Improved performance of jsonify by integrating with rapidjson.
This reduces the time needed for the client to finish receiving a
master's /state response by 50% in the `StateQuery` benchmark:
min q1 q3 max
baseline 6.52 6.76 7.33 8.26
rapidjson w/ SIMD 3.48 3.54 4.12 4.4
rapidjson 3.29 3.32 3.65 3.85
SIMD is left disabled for now since it showed slightly slower
results.
Review: https://reviews.apache.org/r/67988
Project: http://git-wip-us.apache.org/repos/asf/mesos/repo
Commit: http://git-wip-us.apache.org/repos/asf/mesos/commit/c23bb29a
Tree: http://git-wip-us.apache.org/repos/asf/mesos/tree/c23bb29a
Diff: http://git-wip-us.apache.org/repos/asf/mesos/diff/c23bb29a
Branch: refs/heads/master
Commit: c23bb29aa83daedb58288cb3276a565744a2b757
Parents: 135545f
Author: Benjamin Mahler <bm...@apache.org>
Authored: Thu Jul 19 14:35:01 2018 -0700
Committer: Benjamin Mahler <bm...@apache.org>
Committed: Tue Jul 24 18:33:22 2018 -0700
----------------------------------------------------------------------
3rdparty/stout/include/stout/jsonify.hpp | 358 ++++++++++----------------
1 file changed, 140 insertions(+), 218 deletions(-)

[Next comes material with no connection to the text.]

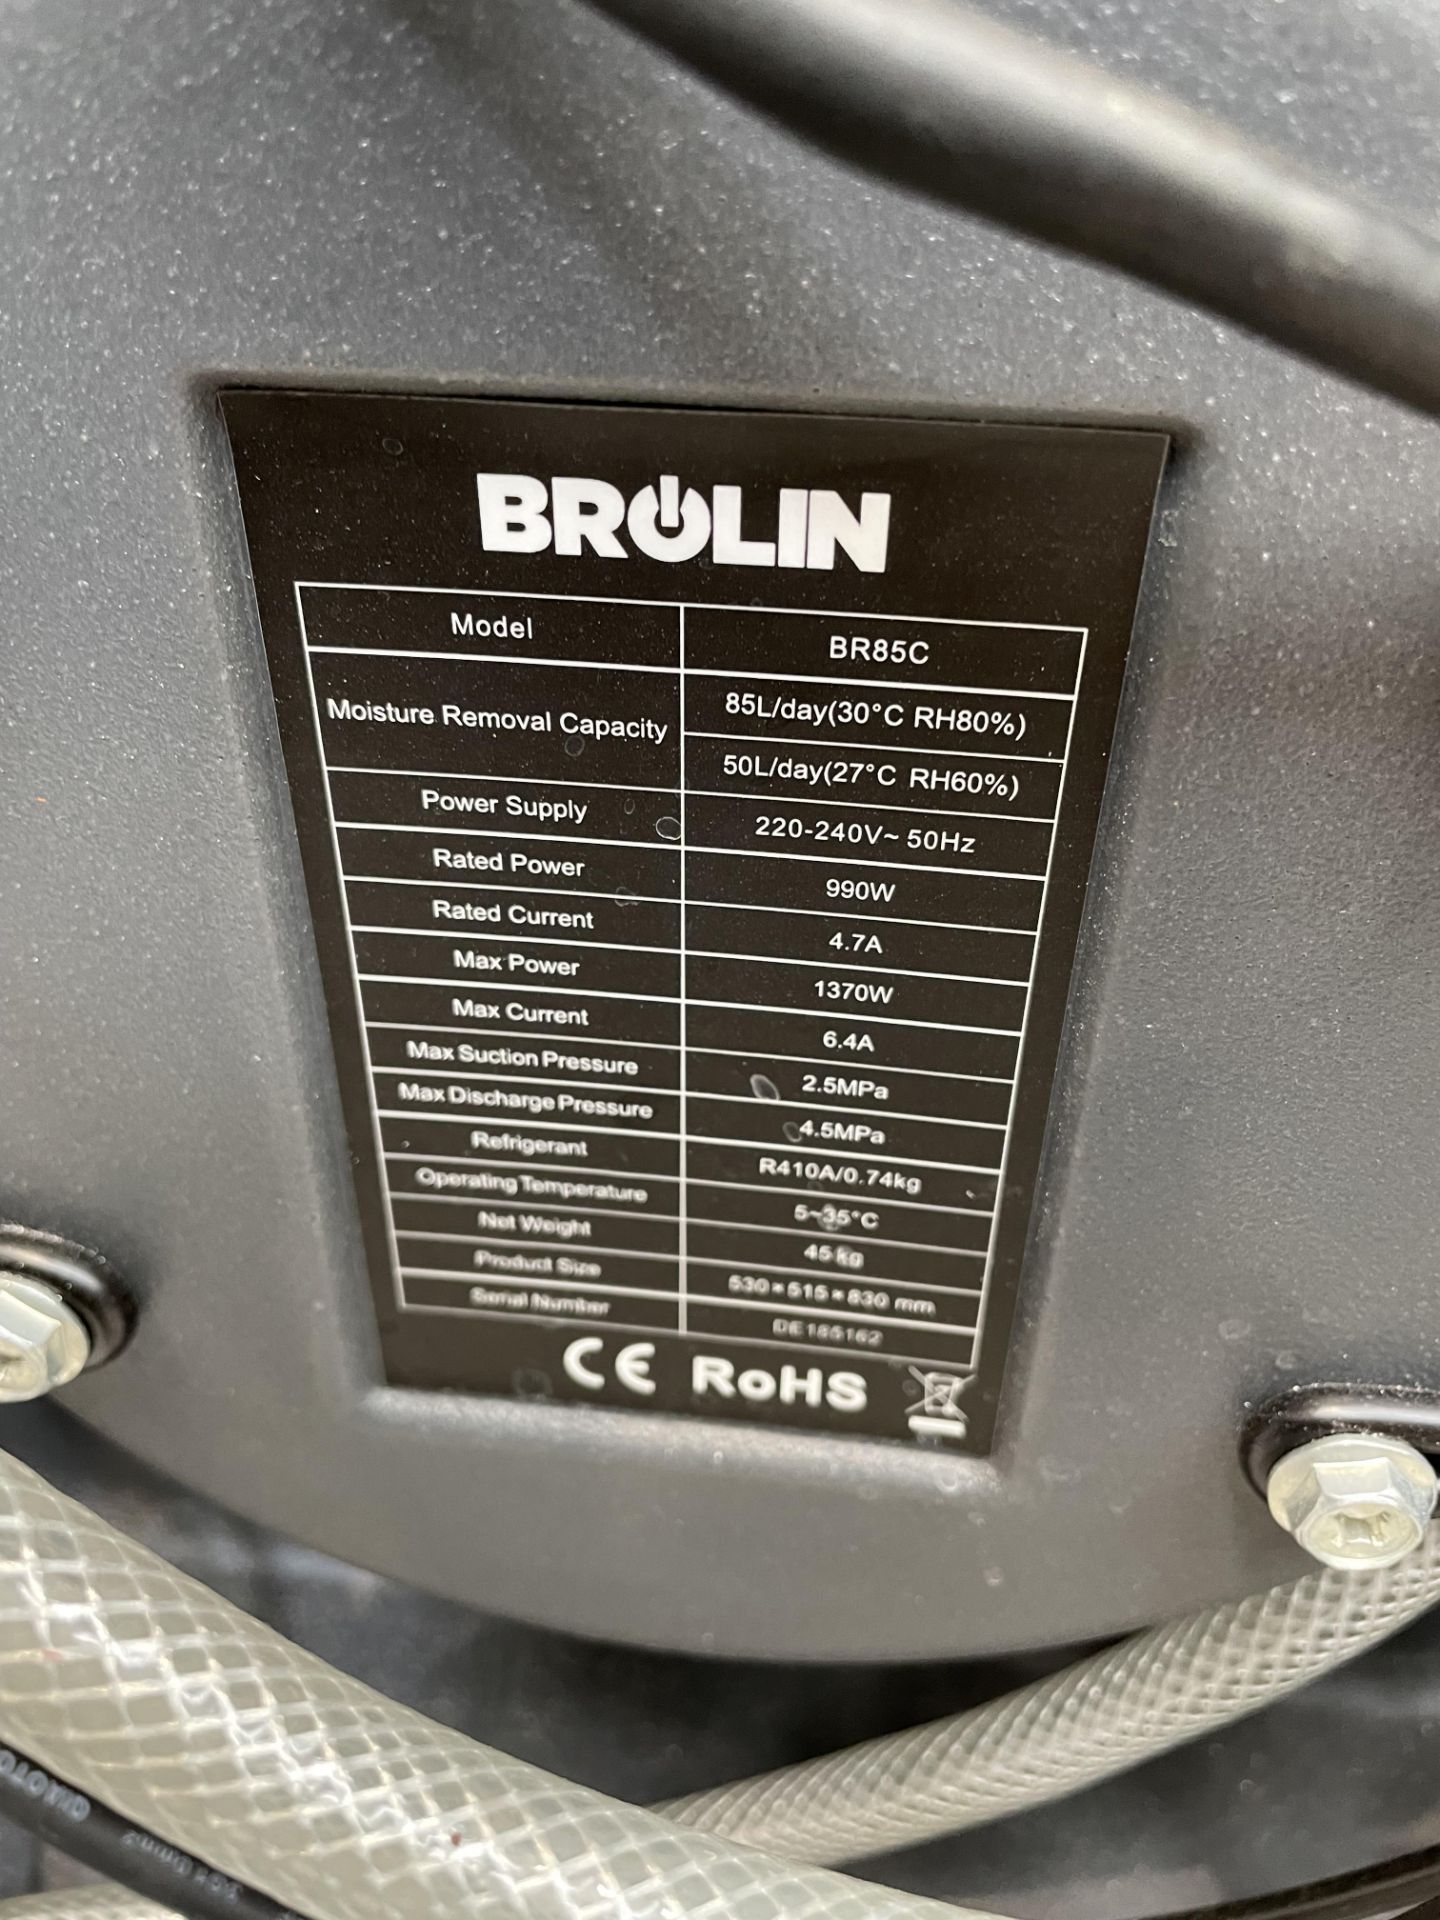 Brolin BR85C Portable Dehumidifier Serial No. DE165162 - Image 2 of 2
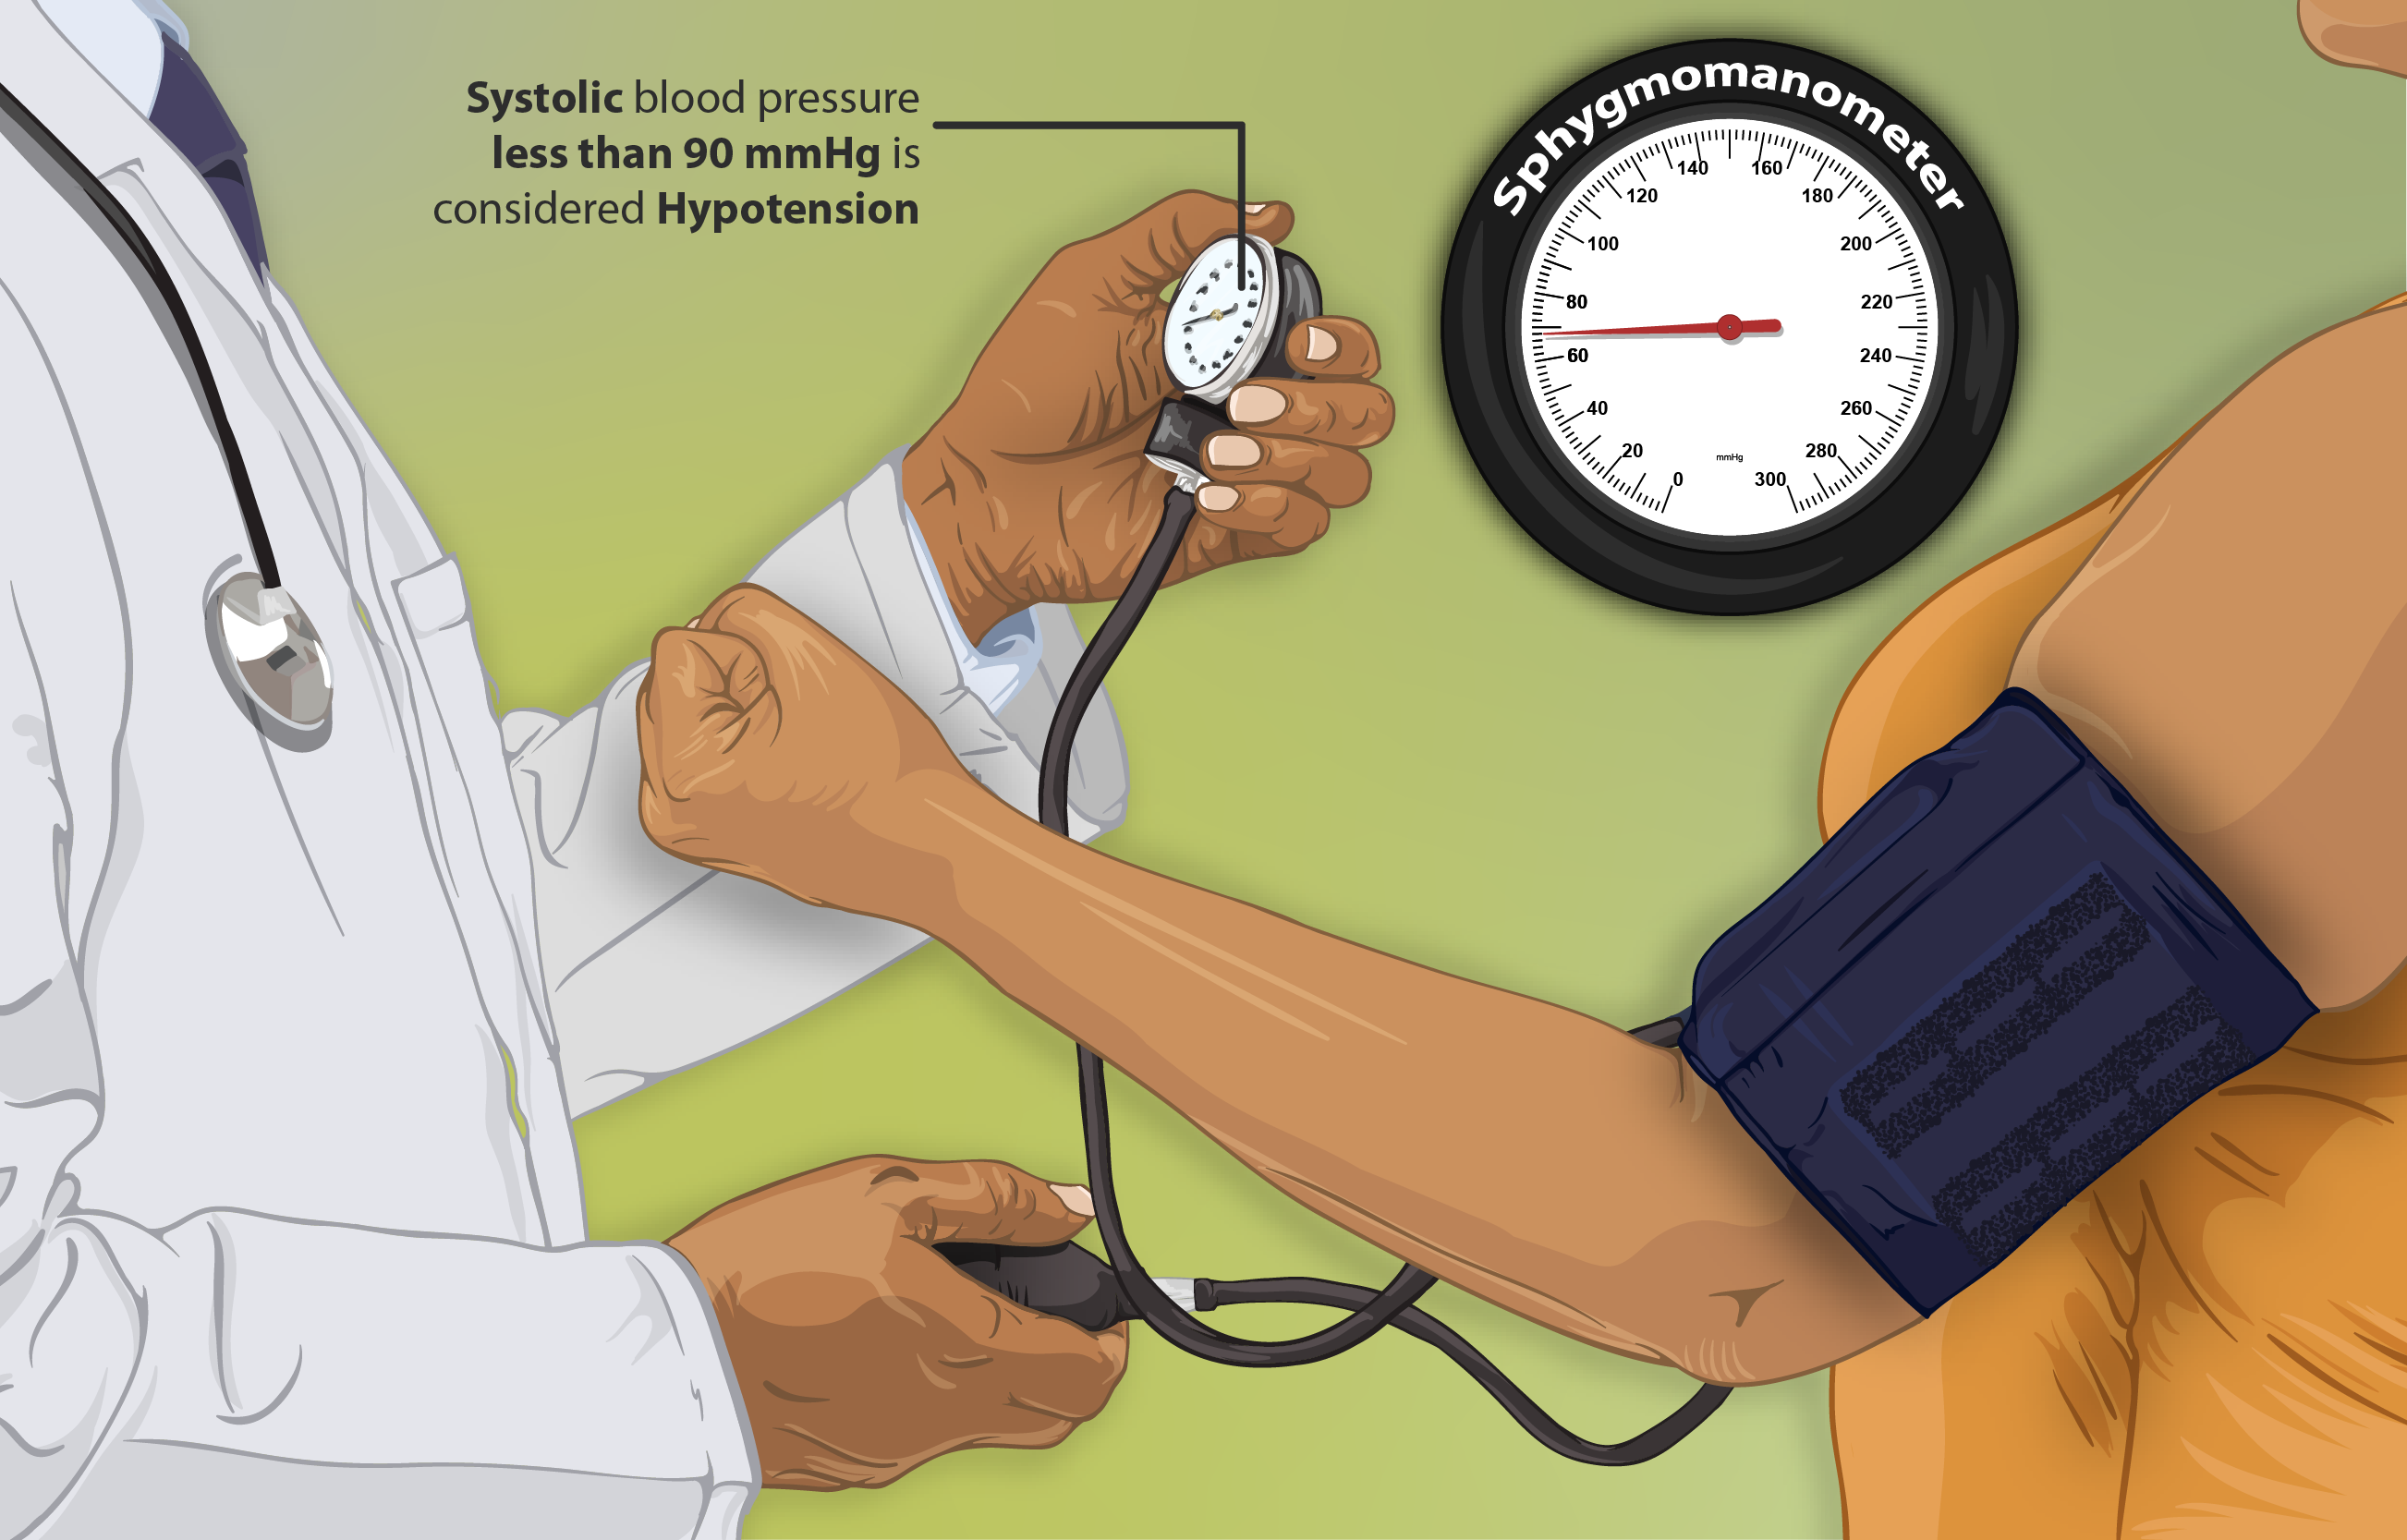 تصوير لمريضة تعاني من انخفاض ضغط الدم أثناء فحص ضغط دمها

----------------------------------------------------------------------
http://git-wip-us.apache.org/repos/asf/mesos/blob/c23bb29a/3rdparty/stout/include/stout/jsonify.hpp
----------------------------------------------------------------------
diff --git a/3rdparty/stout/include/stout/jsonify.hpp b/3rdparty/stout/include/stout/jsonify.hpp
index 2314980..e5402b7 100644
--- a/3rdparty/stout/include/stout/jsonify.hpp
+++ b/3rdparty/stout/include/stout/jsonify.hpp
@@ -13,15 +13,32 @@
#ifndef __STOUT_JSONIFY__
#define __STOUT_JSONIFY__
-#ifndef __WINDOWS__
-#include <locale.h>
-#endif // __WINDOWS__
+#define RAPIDJSON_HAS_STDSTRING 1
+
+// TODO(bmahler): Consider enabling UTF-8 validation when writing
+// json. Prior to the introduction of rapidjson, we performed no
+// validation, so we maintain this status quo for now.
+//
+// #define RAPIDJSON_WRITE_DEFAULT_FLAGS 1 // kWriteValidateEncodingFlag
+
+// TODO(bmahler): Consider enabling SIMD for rapidjson, unfortunately
+// it showed slightly slower results on the serialization path when
+// benchmarked so I've left it disabled.
+//
+// #if defined(__SSE4_2__)
+// # define RAPIDJSON_SSE42
+// #elif defined(__SSE2__)
+// # define RAPIDJSON_SSE2
+// #elif defined(_MSC_VER) // Turn on SSE4.2 for VC
+// # define RAPIDJSON_SSE42
+// #endif
+
+#include <rapidjson/stringbuffer.h>
+#include <rapidjson/writer.h>
-#include <clocale>
#include <cstddef>
#include <functional>
#include <ostream>
-#include <sstream>
#include <string>
#include <type_traits>
#include <utility>
@@ -57,67 +74,6 @@ JSON::Proxy jsonify(const T&);
namespace JSON {
-namespace internal {
-
-/**
- * This object changes the current thread's locale to the default "C"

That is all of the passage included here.